Two months ago, Noel Pearson asked: “how does the elephant sit down with the mouse?” This is the real question of the referendum. Put another way: how does Australia come to a new relationship between First Peoples and settlers? How can the past be reckoned with and a new future be made possible?
In the same interview, Pearson was asked what picture formed in his head when he imagined a “No” result this weekend. Like other campaigners, he said he couldn’t contemplate it. “My answer is … What do you say? What do you think is going to happen if the outstretched hand of Uluru is refused?” He continued: “The fact is a ‘No’ result will not be costless. It will have a huge cost attached to it.”
That cost becomes clearer and clearer. It will not be just the repudiation of the Uluru Statement from the Heart. It will not be just the rejection of First Nations people, of their right to be recognised in the Constitution and to advise on the laws that affect them.

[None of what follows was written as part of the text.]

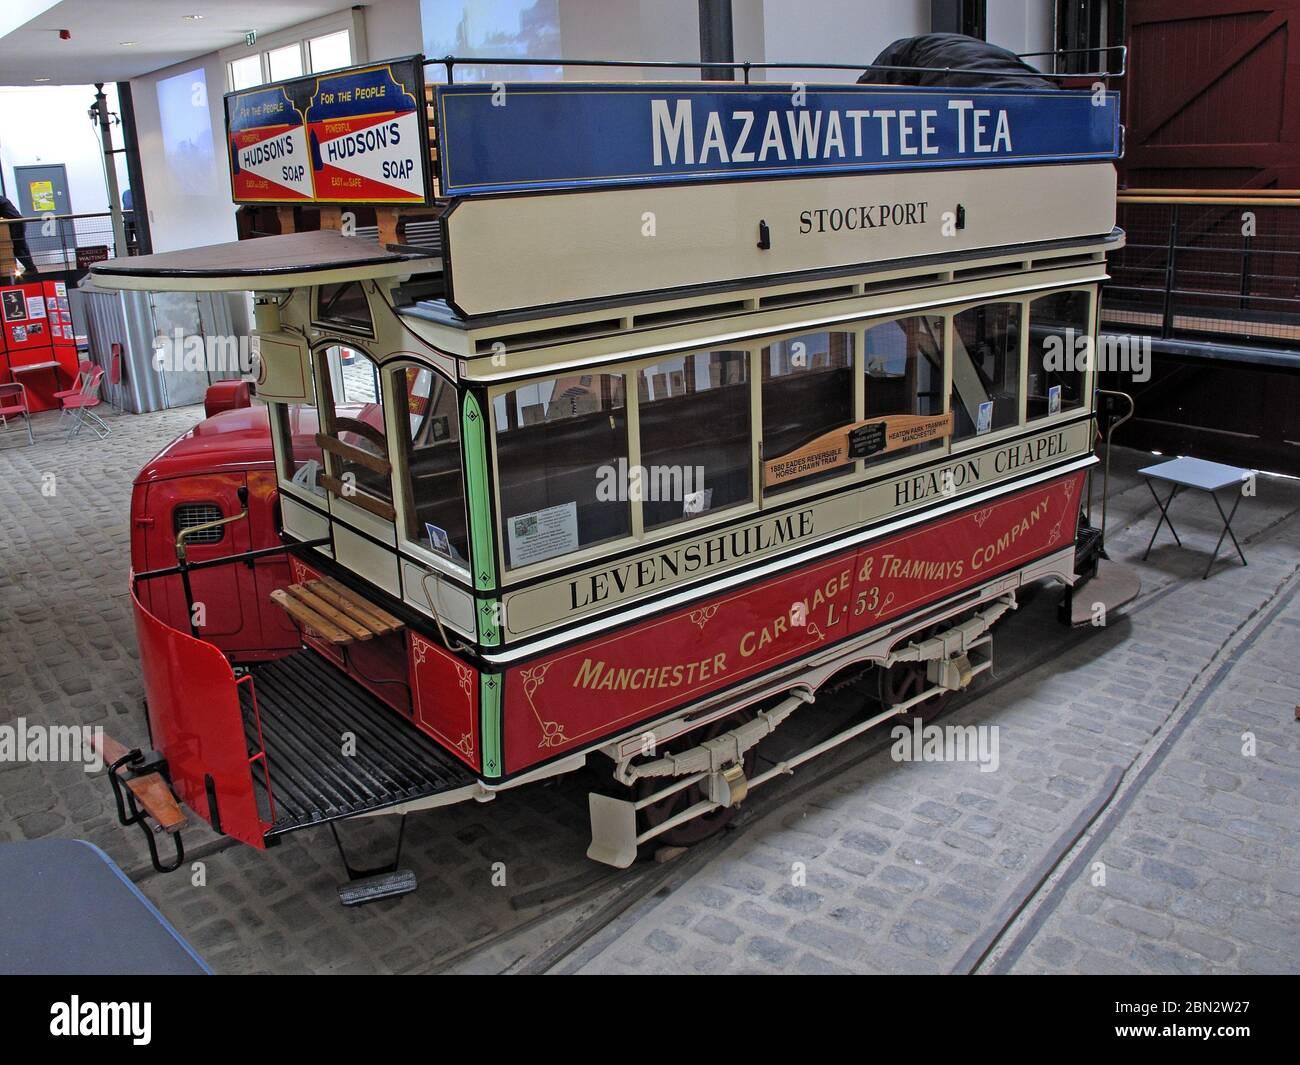 Dieses Stockfoto: Levenshulme Straßenbahn, Heaton Chapel, Stockport, 192,192 Bus, 192 Straßenbahn, Mazawattee Tee, Hudsons Seife, Manchester Carriage & Tramways Company - 2BN2W2

It will be a dull march back into history, a return to the denialism and silence that has defined white Australia. Honesty will be torn from the trees. Any notion of shared understanding will be shredded.
For all the misinformation and deceit, all the lies of the campaign, we will be left with one ugly truth: given the chance, Australia would still sooner destroy Indigenous people than listen to them as equals. The central impulses of colonisation are all still there, brutal and unrepentant.